The model tells you where the value goes. It does not promise you will capture it. Capital can, and routinely does, extract the value created by the very people it has turned into reverse centaurs e.g., the picker creates enormous value and is paid to be watched. Standing on the high ground means you hold something scarce. Whether you are paid for it depends on ownership and bargaining power, which are a different fight. Doctorow is mostly writing about that second fight. I am writing about the first. You need to win both, and they are not the same.
Back to the junior
So, finally, to the young consultant who started all of this.
AI is not going to take your job. It will converge your tools down to a floor everyone stands on, and in doing so it will ask you a harder question than whether you are employed: It will ask who you are without your tools. What is left when the part of your work a machine can do is done by a machine? That remainder — your judgement, your read of people, your earned experience, your willingness to own the outcome — is the whole of your economic value now. It always was the most valuable part. Convergence merely stripped away everything that used to hide it.
The discipline I mentioned, those laws of AI delegation, turns out to be the practical other half of this. The Watershed Effect tells you where the value is. The laws are how you work with machines every day without quietly handing that value away, one delegated decision at a time. One is the map. The other is how you walk it.
I gave the junior the short version, and I'll leave you on it too. The tools are converging. They will keep converging, and the waterline will keep rising. And when they do, the only thing that tells any of us apart is the part the machine cannot take.
When tools converge, people make the difference.
Notes & Sources
- Accenture fell nearly 20% on 18 June 2026 — its worst single session as a public company — on a softer outlook and falling bookings, with analysts tying the move to AI pressure on consulting demand; Capgemini and Infosys were also down sharply for the year. Bloomberg, Accenture's Outlook Disappoints in Uncertain Consultancy Market (18 Jun 2026); The Motley Fool (18 Jun 2026); HFS Research.
- Garry Kasparov on "advanced chess" and human–machine "centaurs," Conversations with Tyler (2017); see also kasparov.com.

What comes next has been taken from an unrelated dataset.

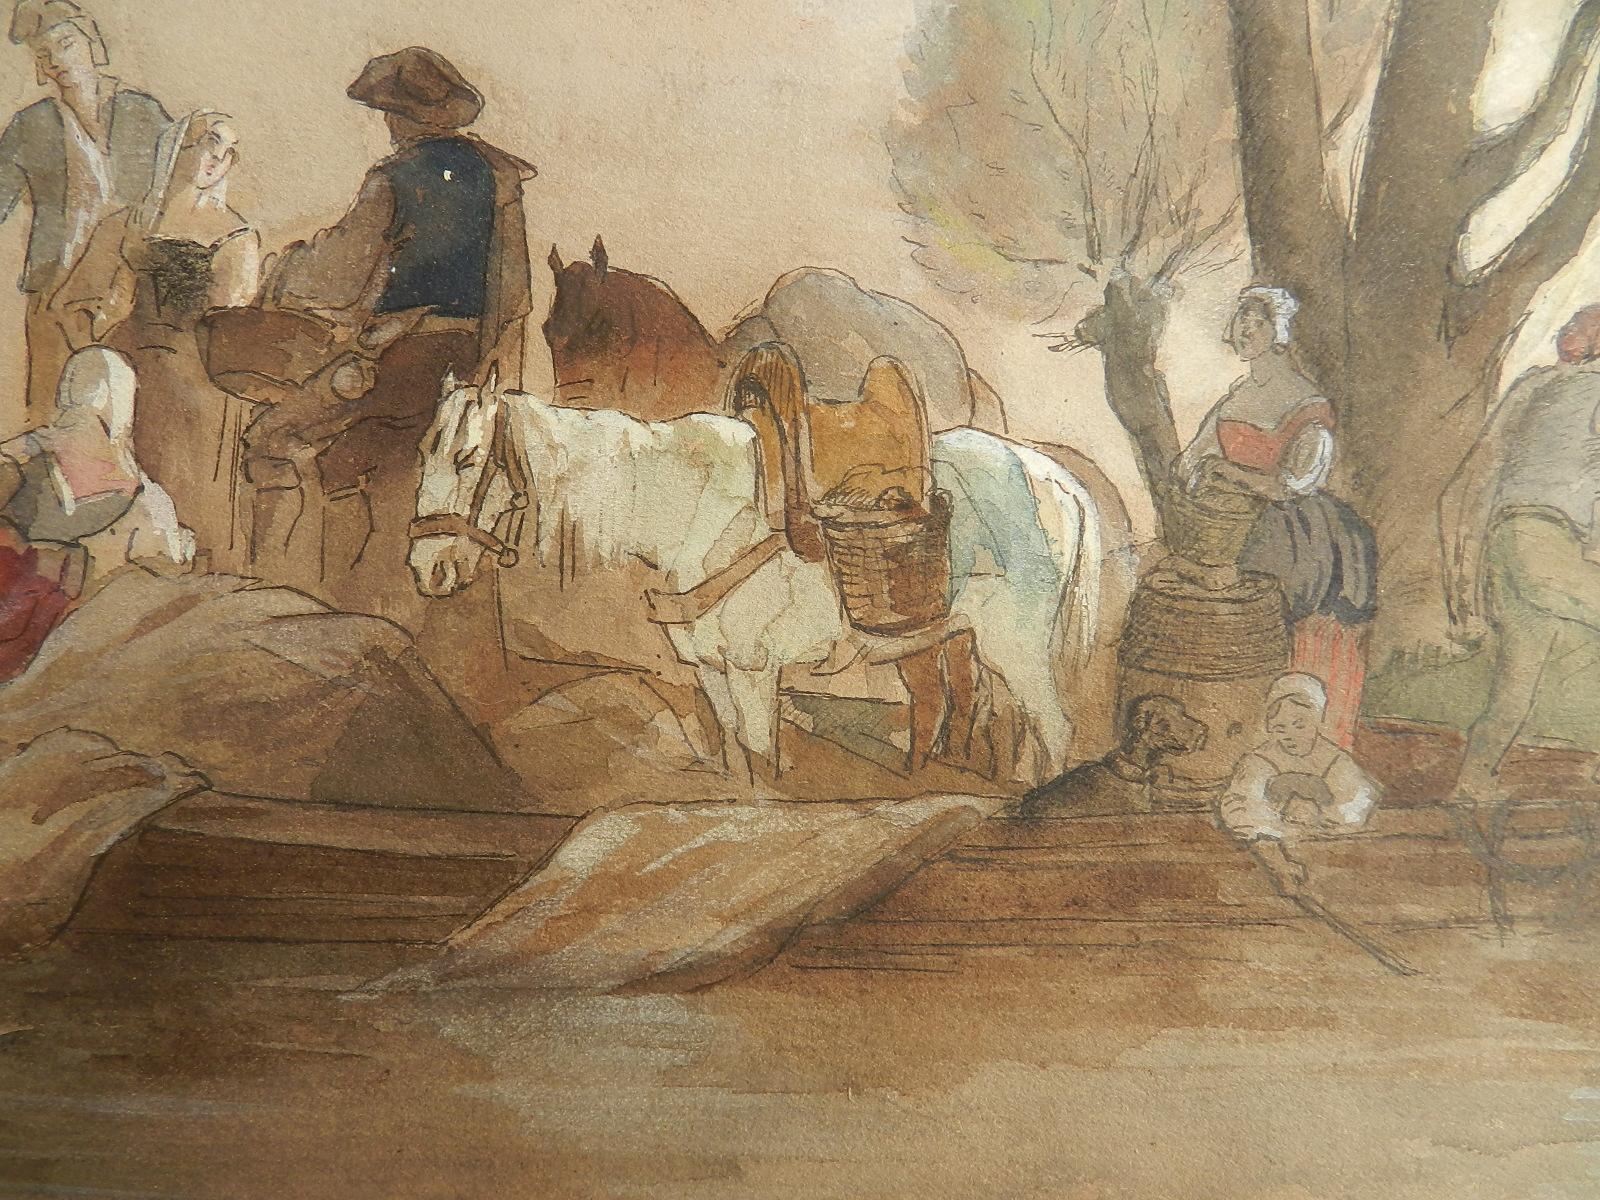 Französisch 19. Jahrhundert Aquarell Studie von Dorfbewohnern am Wasser Rand ungerahmt
Manier von Jules Hereau
Absolut reizvolles Gemälde aus einem Folio von Werken aus einem privaten Nachlass, die alle aus einem Kreis von Amateur- und

- Cory Doctorow coined "reverse centaur" (Pluralistic, 2021) and develops it in The Reverse Centaur's Guide to Life After AI (Farrar, Straus and Giroux, 2026). Definition quoted from Pluralistic: pluralistic.net/tag/reverse-centaurs
- Thomas H. Davenport, "Putting the Enterprise into the Enterprise System," Harvard Business Review 76, no. 4 (1998): 121–131.
- The laws of AI delegation referenced here are my own framework — the Three Laws of AI Delegation.